PROBLEM TO SOLVE → Every record below should be written out exactly; pictures stay out.

DATASET ENTRIES →
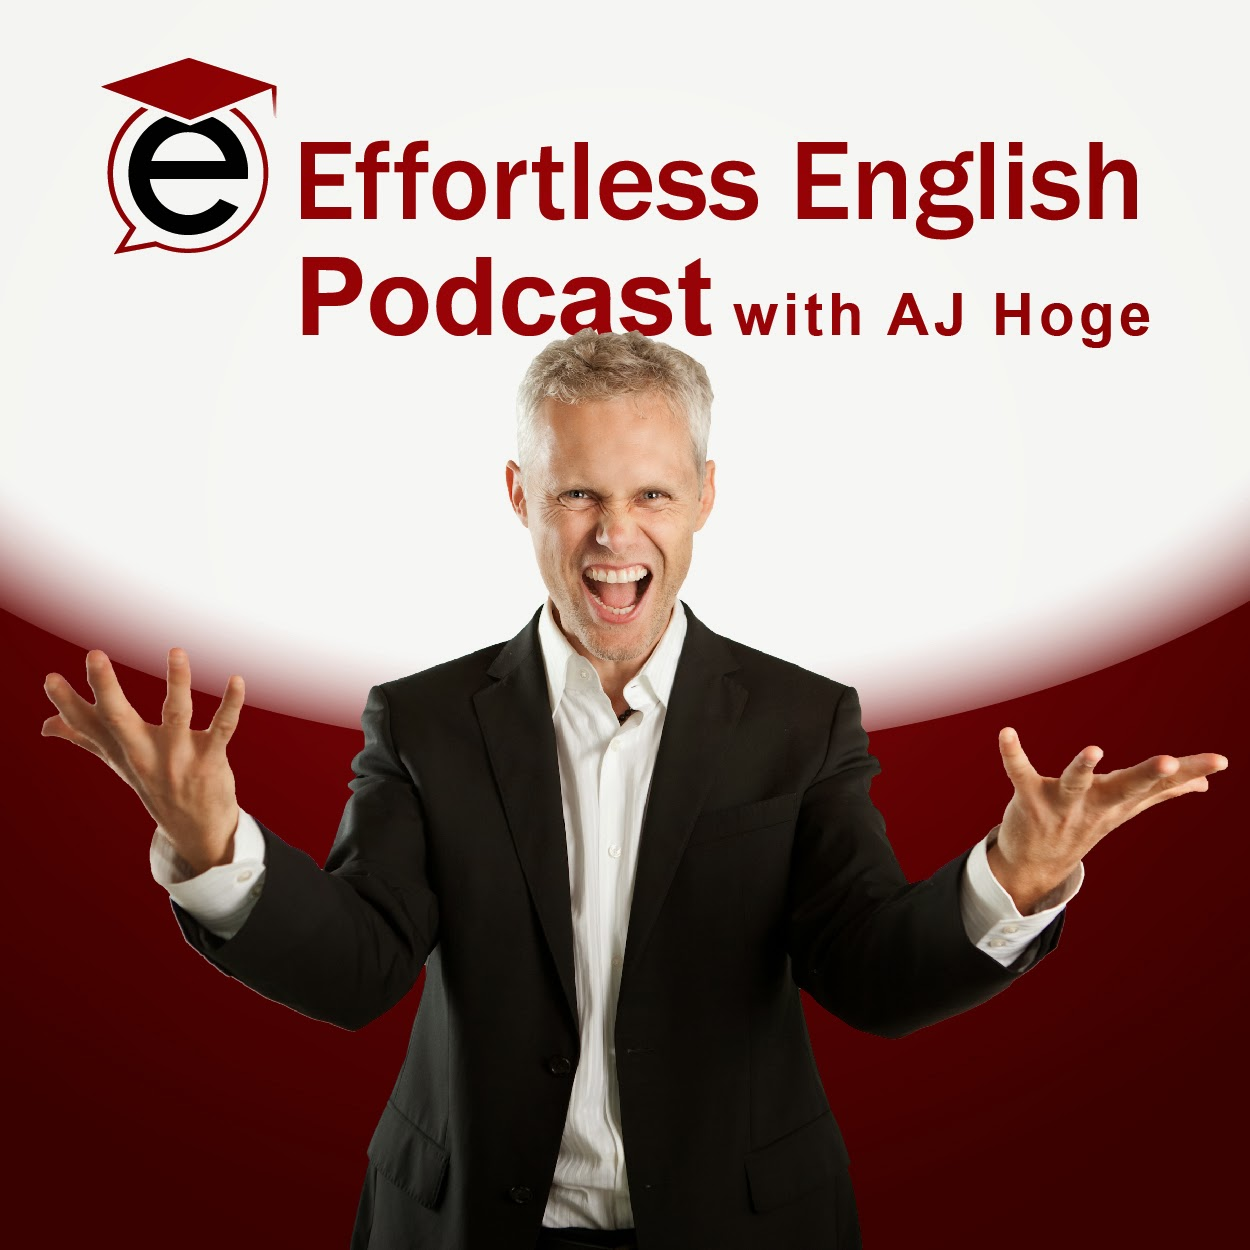 Effortless English Podcast
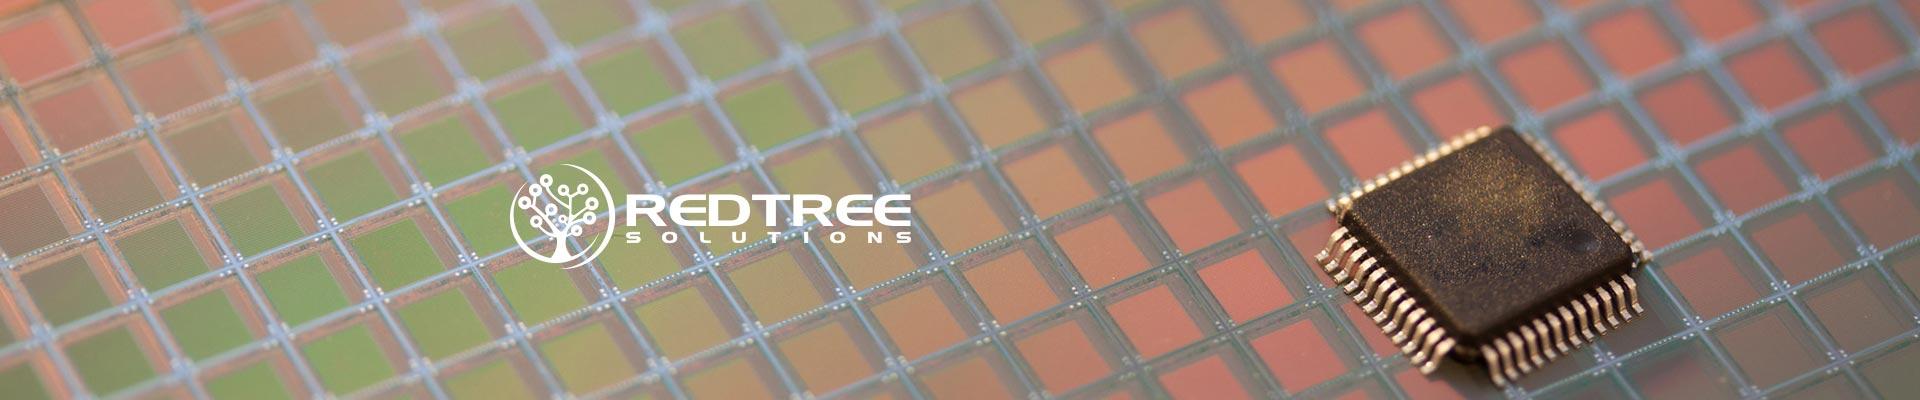 s-redtree-asics-foundry-services
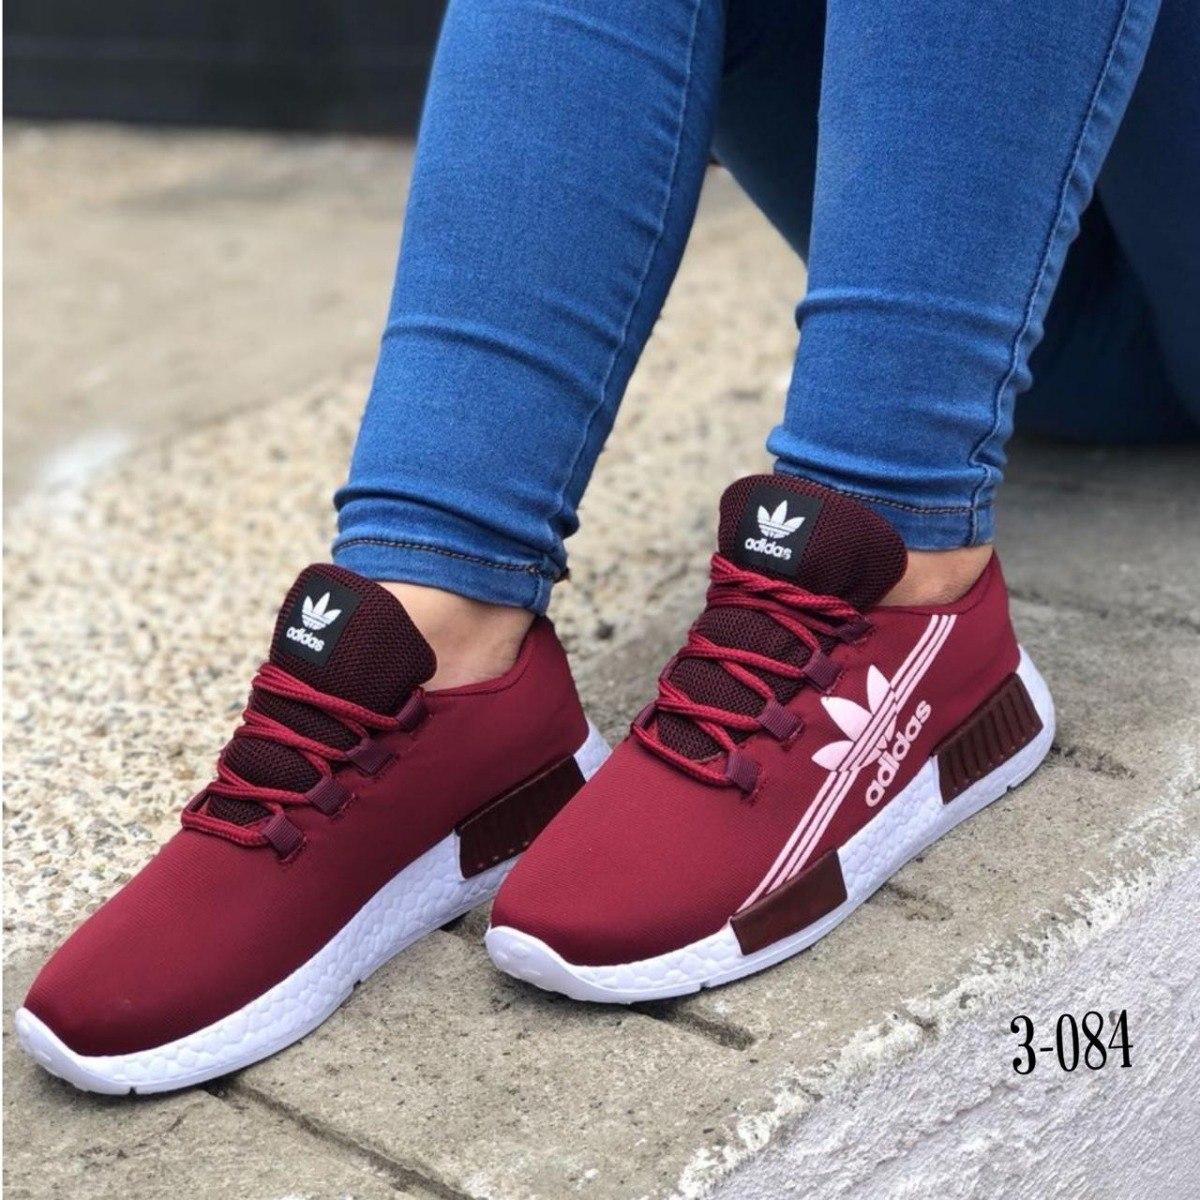 e724c6f4205 Zapatos deportivos variado para damas moda colombiana cargando zoom jpg  1200x1200 Colombiano moda zapatos deportivos
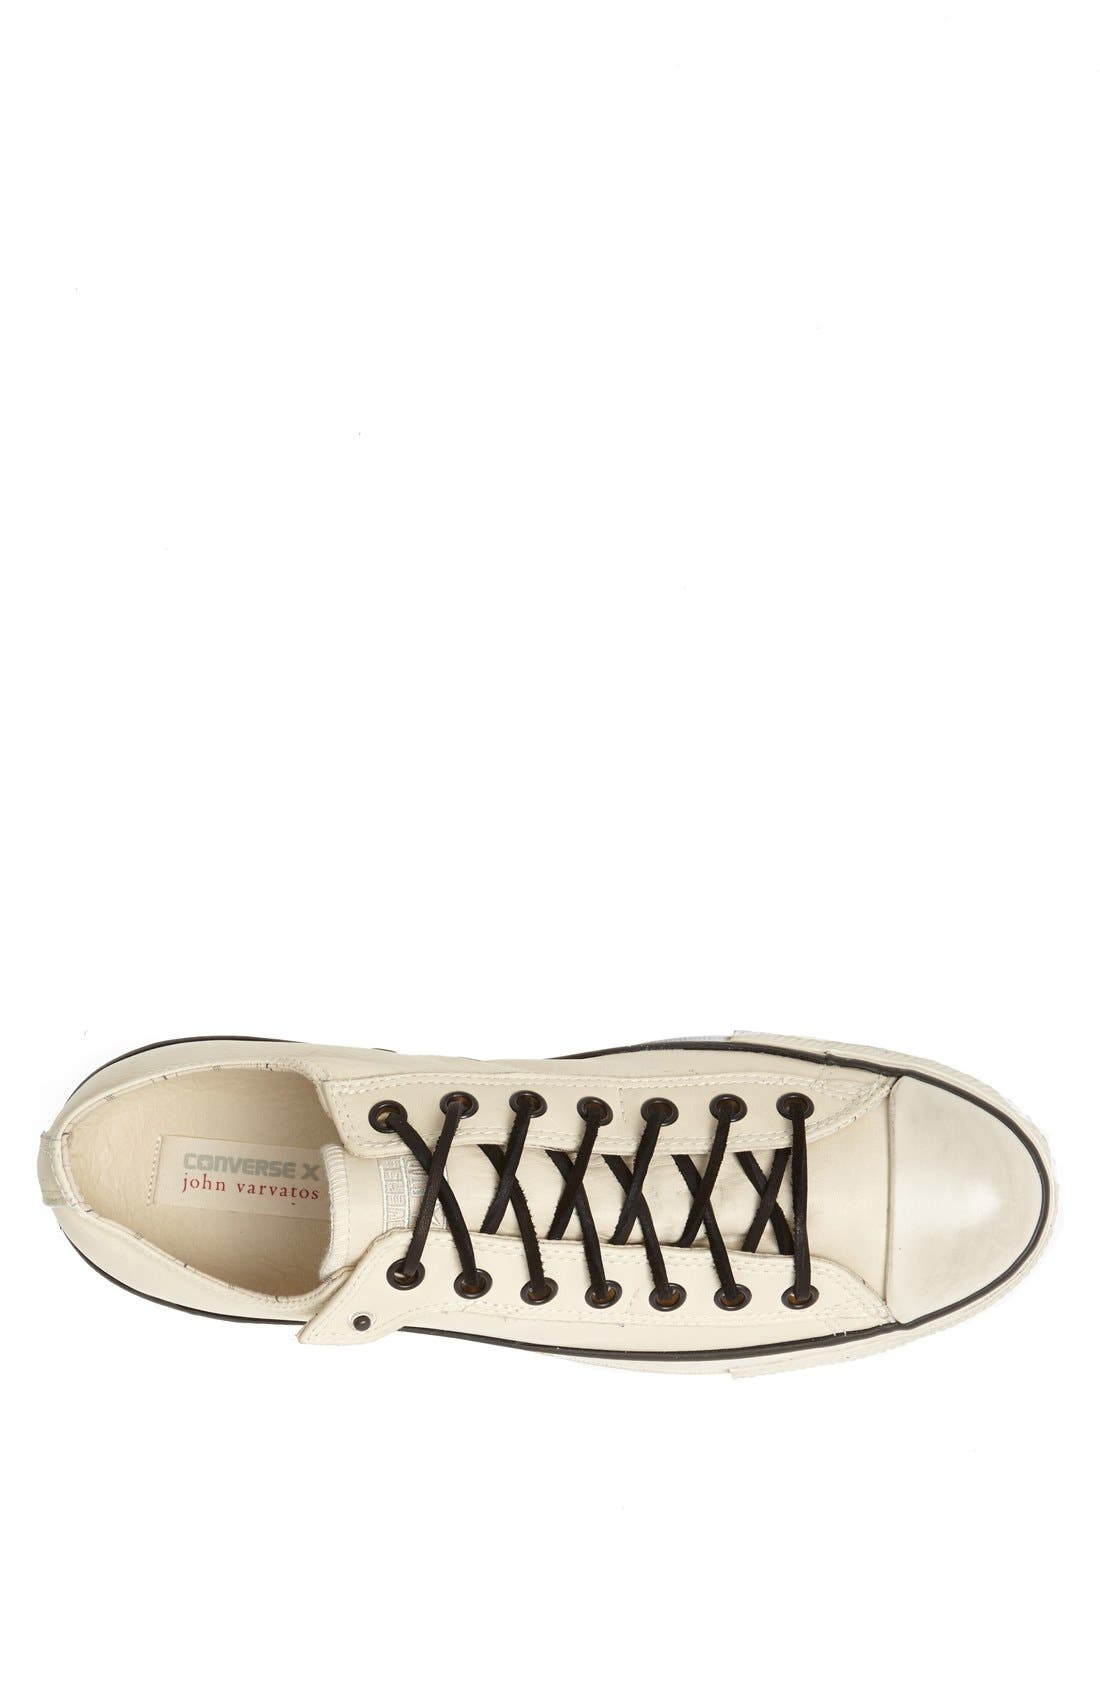 Alternate Image 3  - Converse by John Varvatos Chuck Taylor® All Star® Sneaker
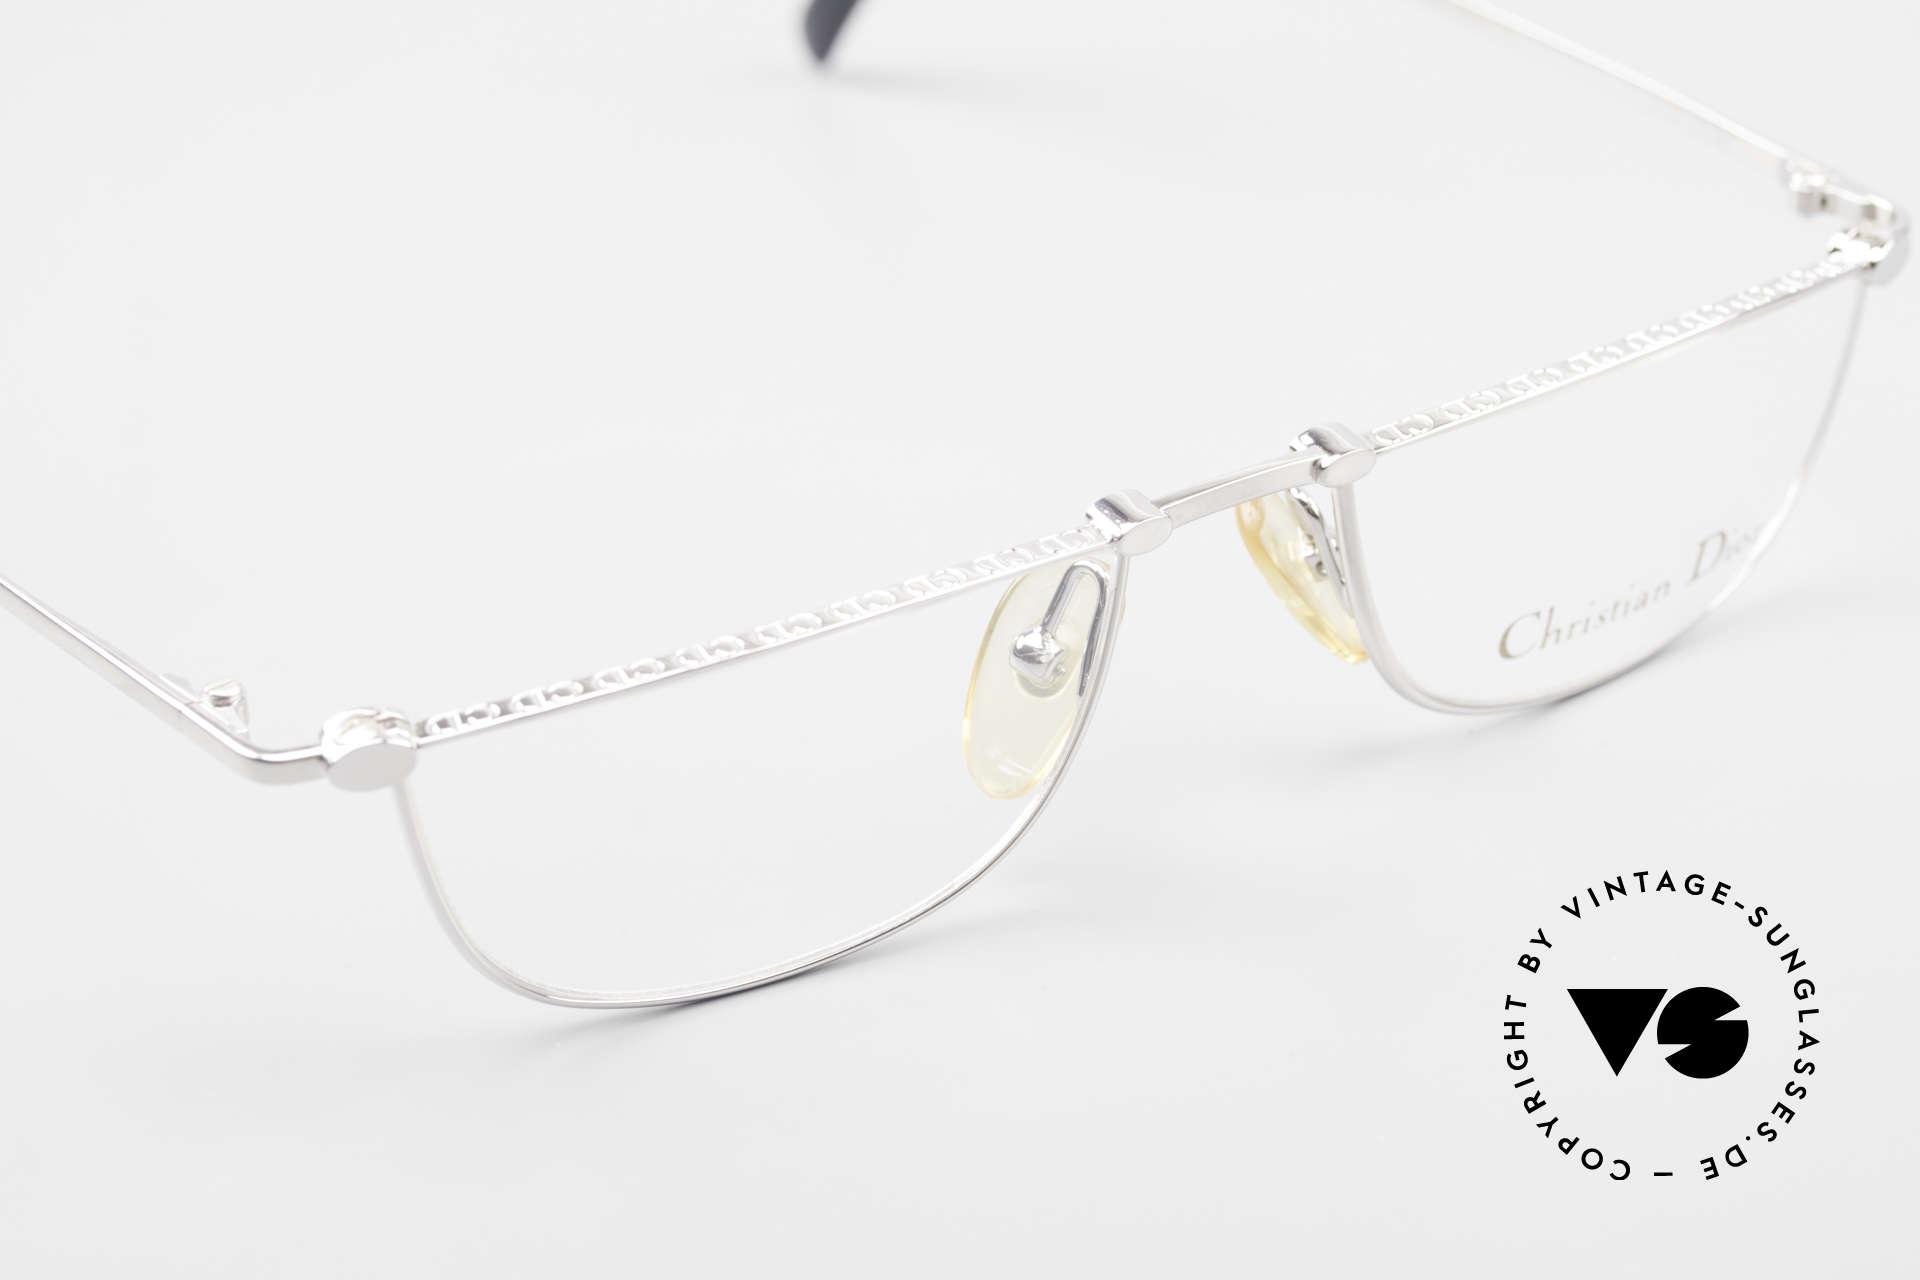 Christian Dior 2943 Designer Reading Glasses 90's, NO RETRO glasses, but a rare 30 years old ORIGINAL, Made for Men and Women

FINISHED EXERCISE →
 Effortless English Podcast
 s-redtree-asics-foundry-services
 e724c6f4205 Zapatos deportivos variado para damas moda colombiana cargando zoom jpg  1200x1200 Colombiano moda zapatos deportivos
 Alternate Image 3  - Converse by John Varvatos Chuck Taylor® All Star® Sneaker
 Christian Dior 2943 Designer Reading Glasses 90's, NO RETRO glasses, but a rare 30 years old ORIGINAL, Made for Men and Women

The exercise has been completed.